What you are asked to do - Your job is to print, exactly, the lines in the data below from the line with "Navy Stripe Oliver" through the line with "Schuhe Nike Lunar", both included, and to omit any picture.

Segment Start: Information given

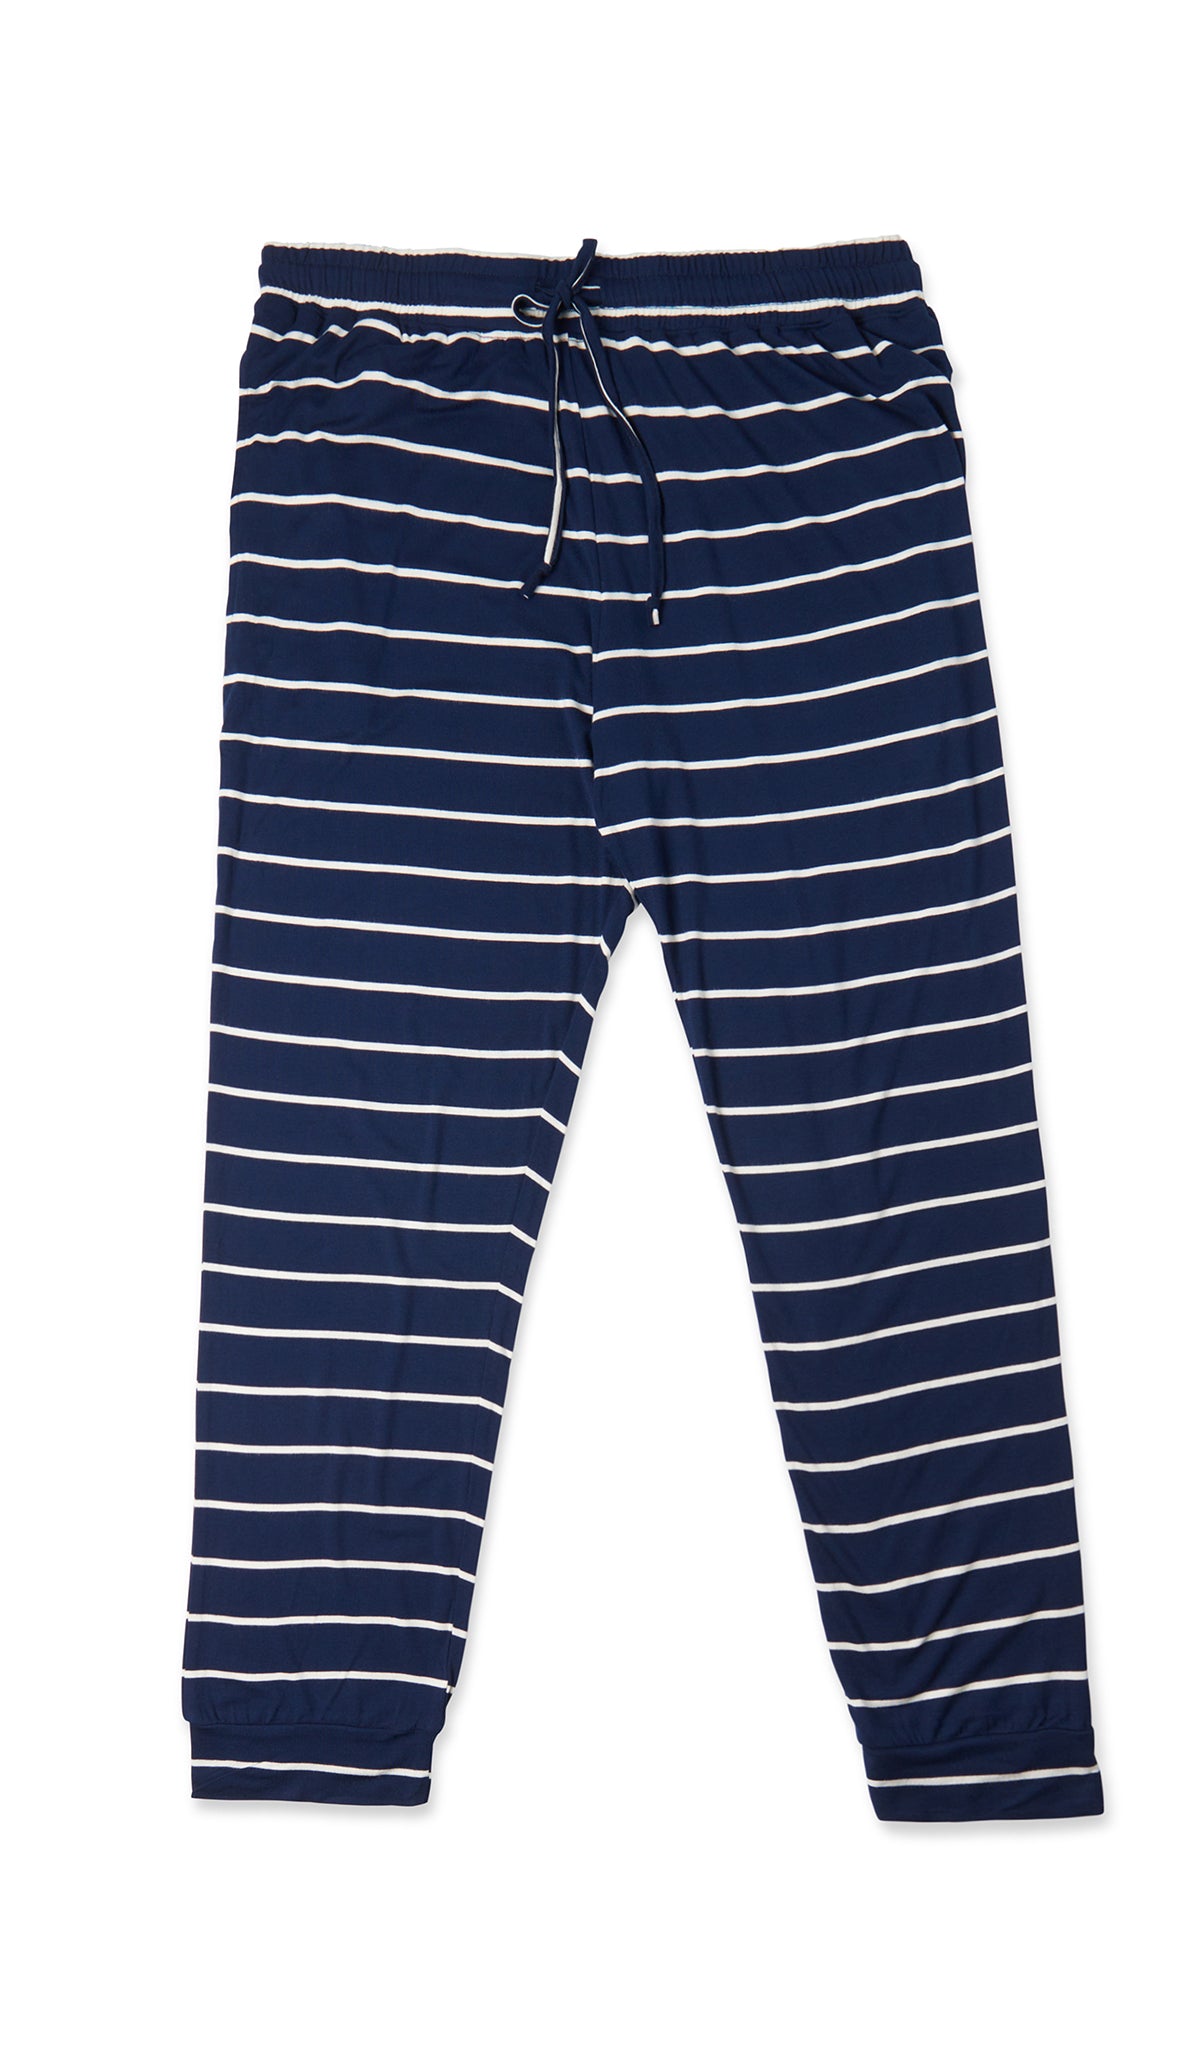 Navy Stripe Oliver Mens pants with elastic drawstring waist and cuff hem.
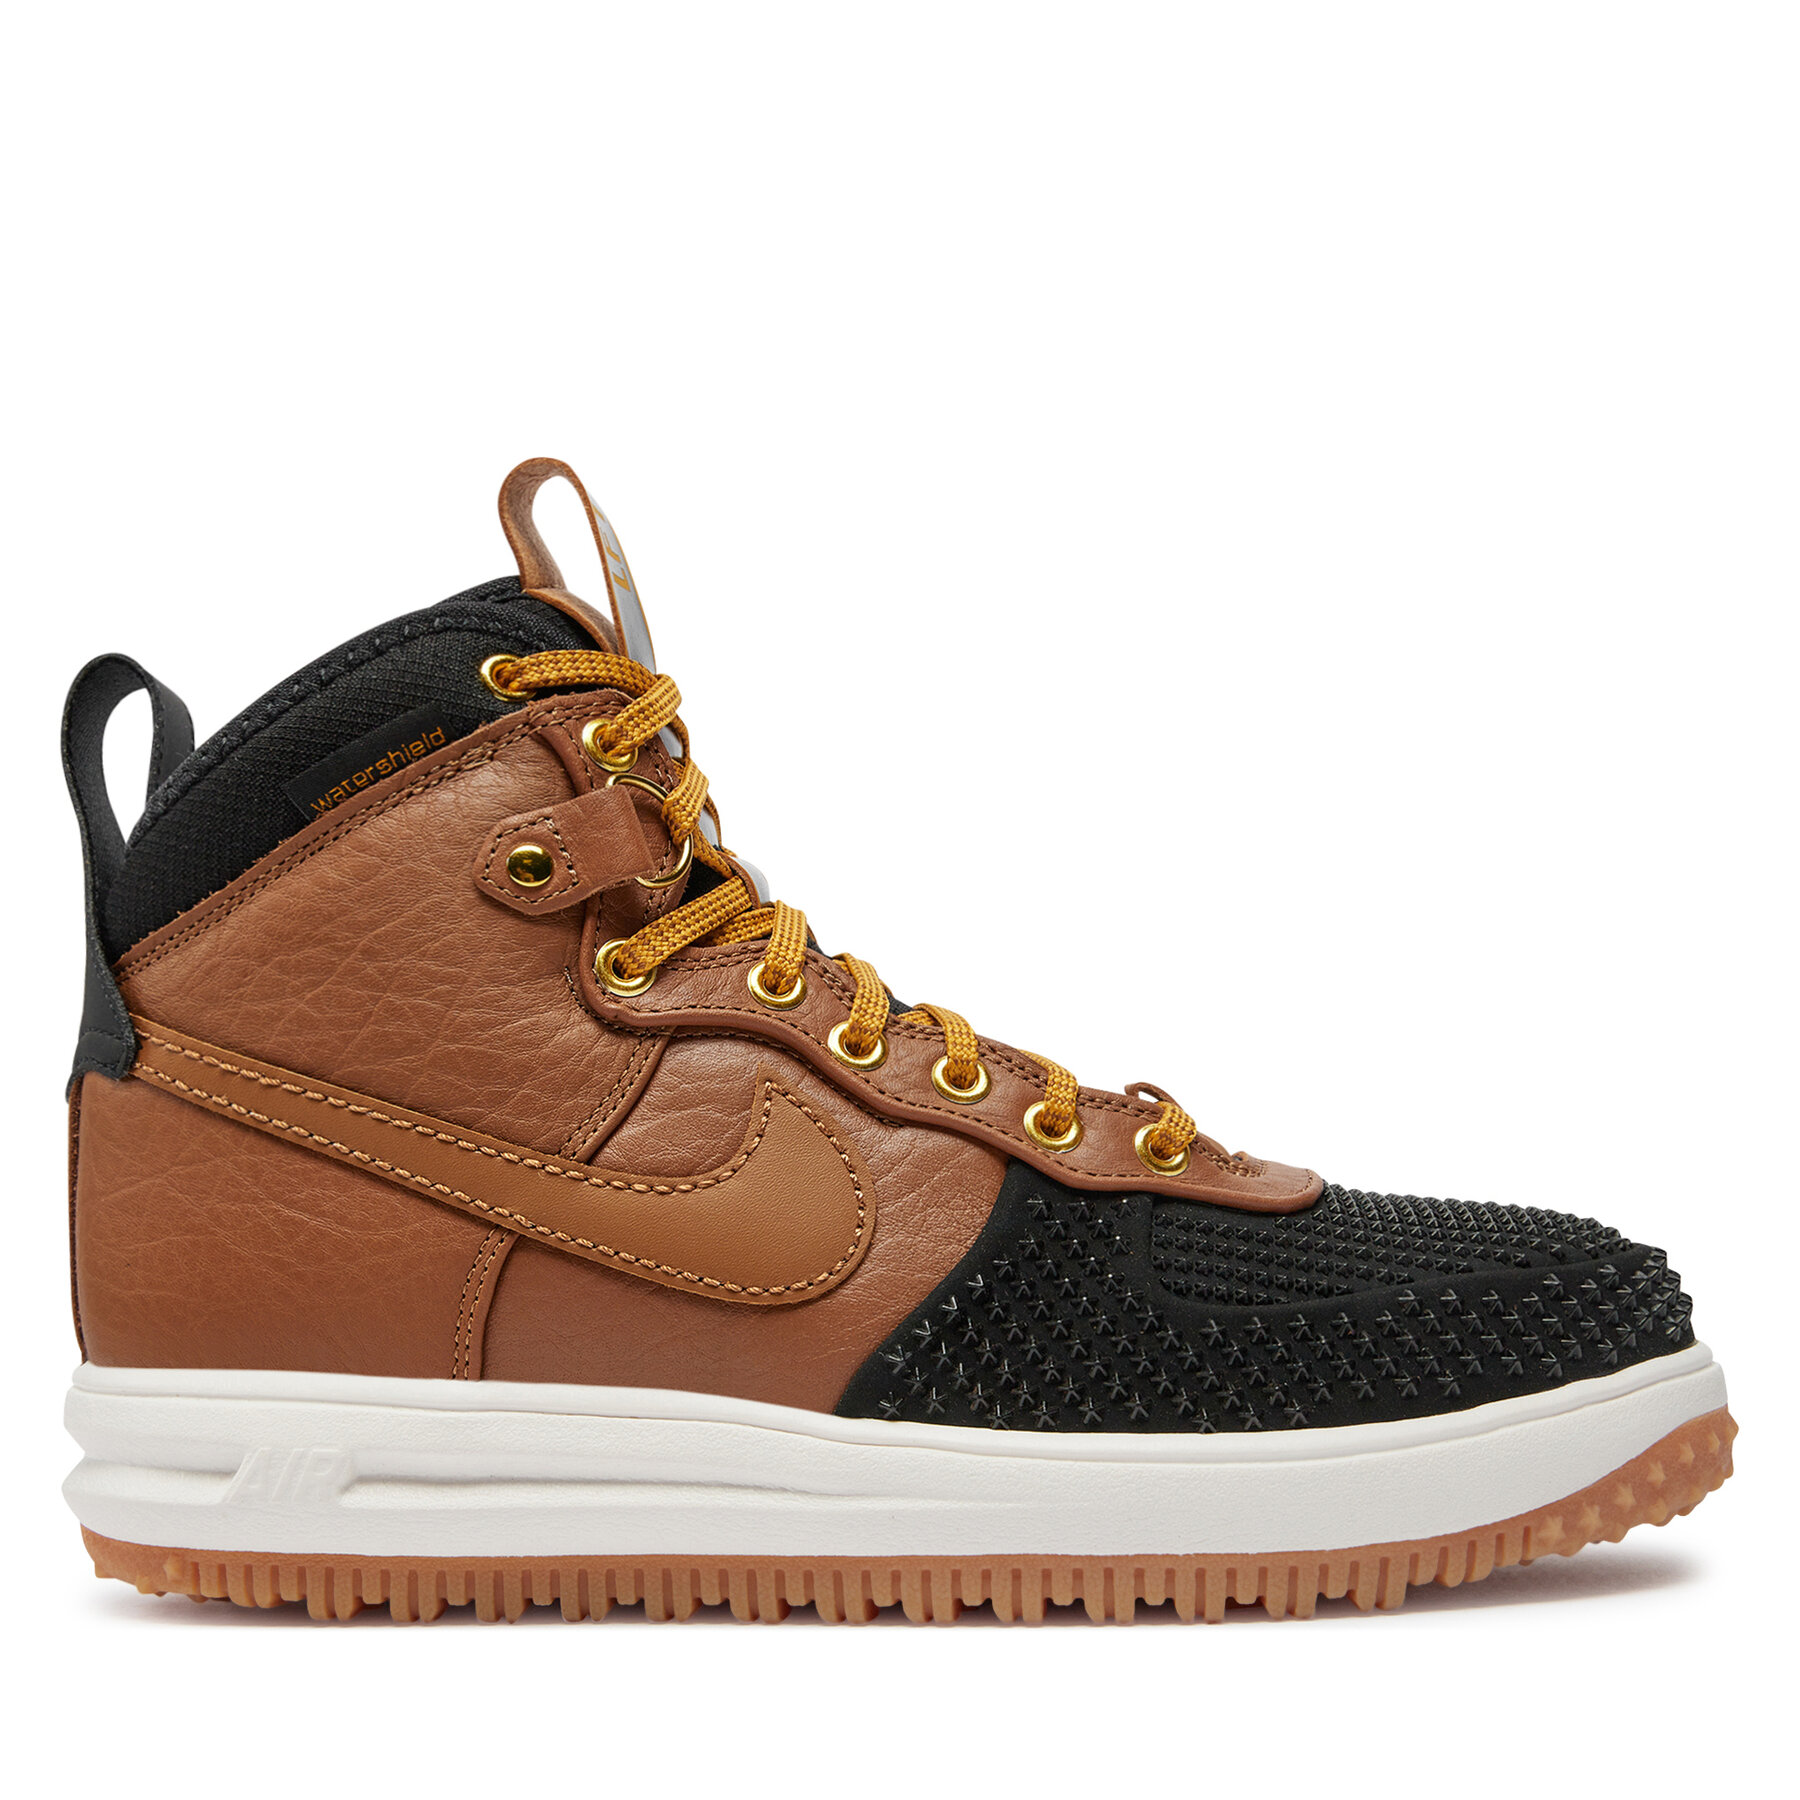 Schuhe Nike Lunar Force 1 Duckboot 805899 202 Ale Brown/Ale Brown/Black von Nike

Segment End: Information given
Segment Start: Information given

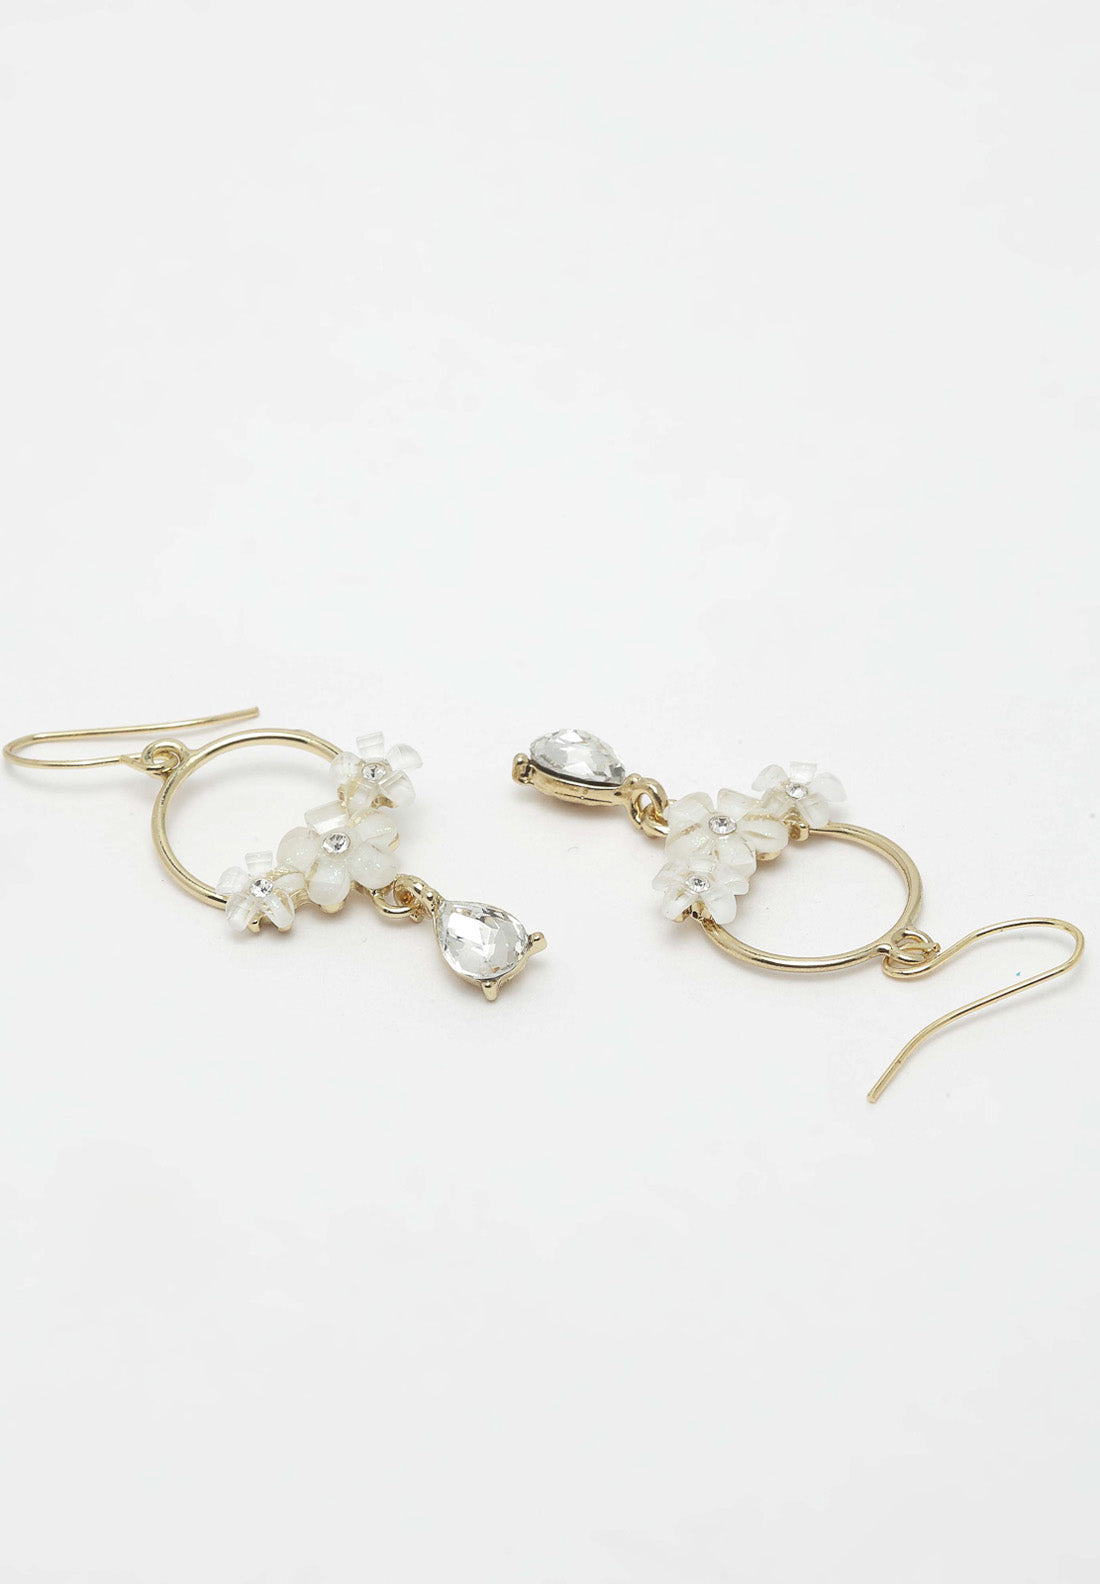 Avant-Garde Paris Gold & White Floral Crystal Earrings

Segment End: Information given
Segment Start: Information given

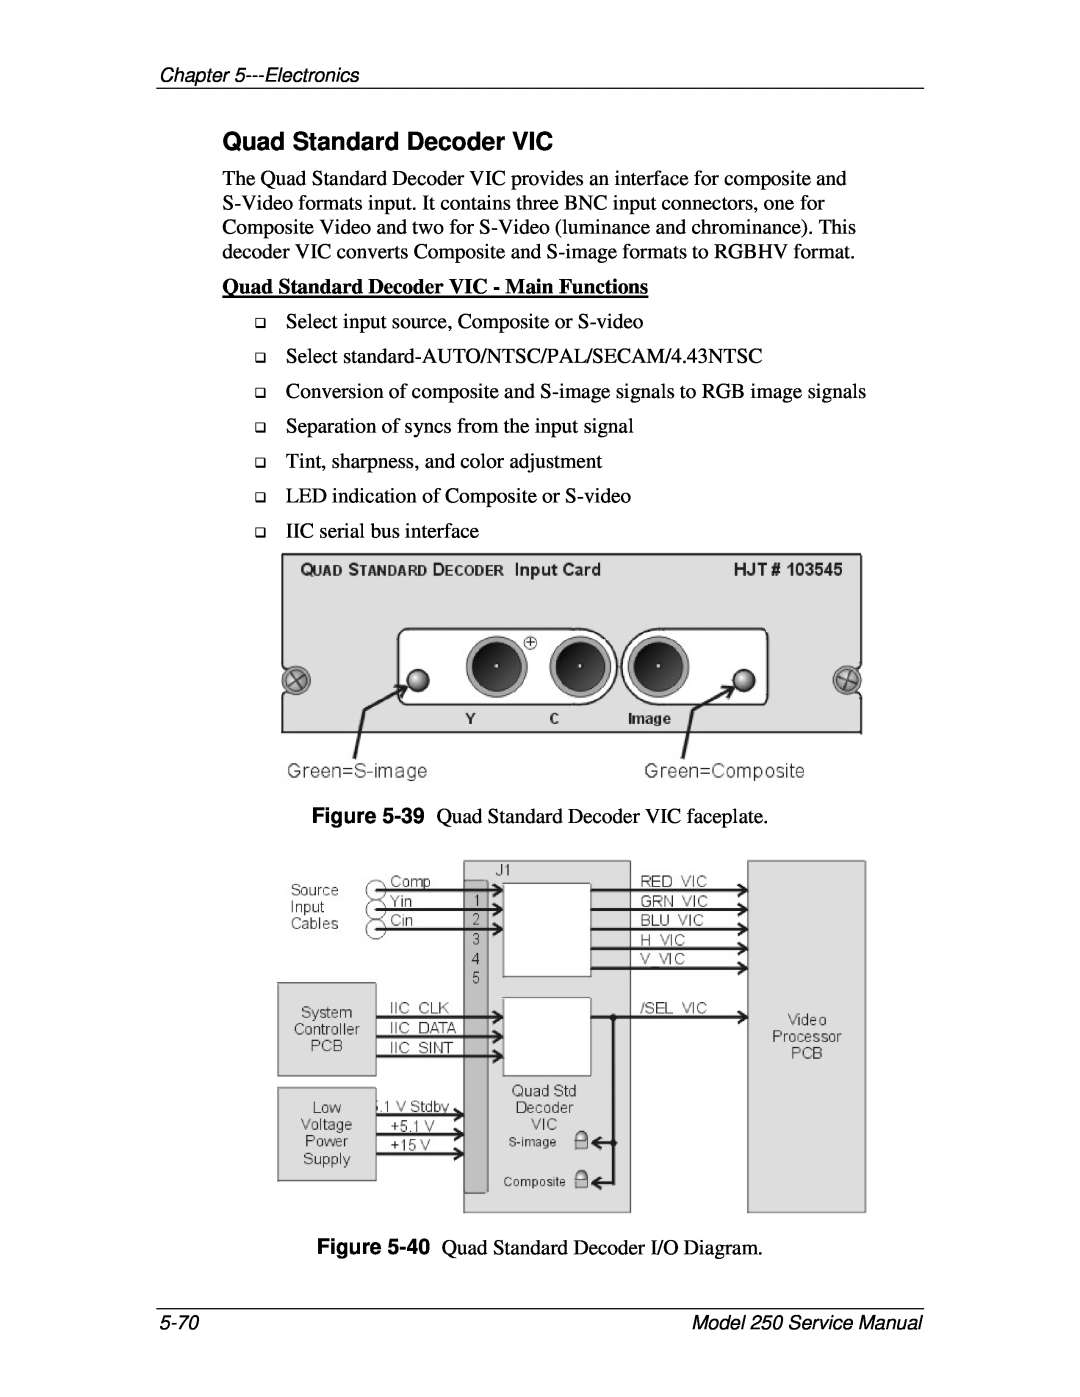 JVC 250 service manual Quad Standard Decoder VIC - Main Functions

Segment End: Information given

Solution to this problem -
 Navy Stripe Oliver Mens pants with elastic drawstring waist and cuff hem.
 Schuhe Nike Lunar Force 1 Duckboot 805899 202 Ale Brown/Ale Brown/Black von Nike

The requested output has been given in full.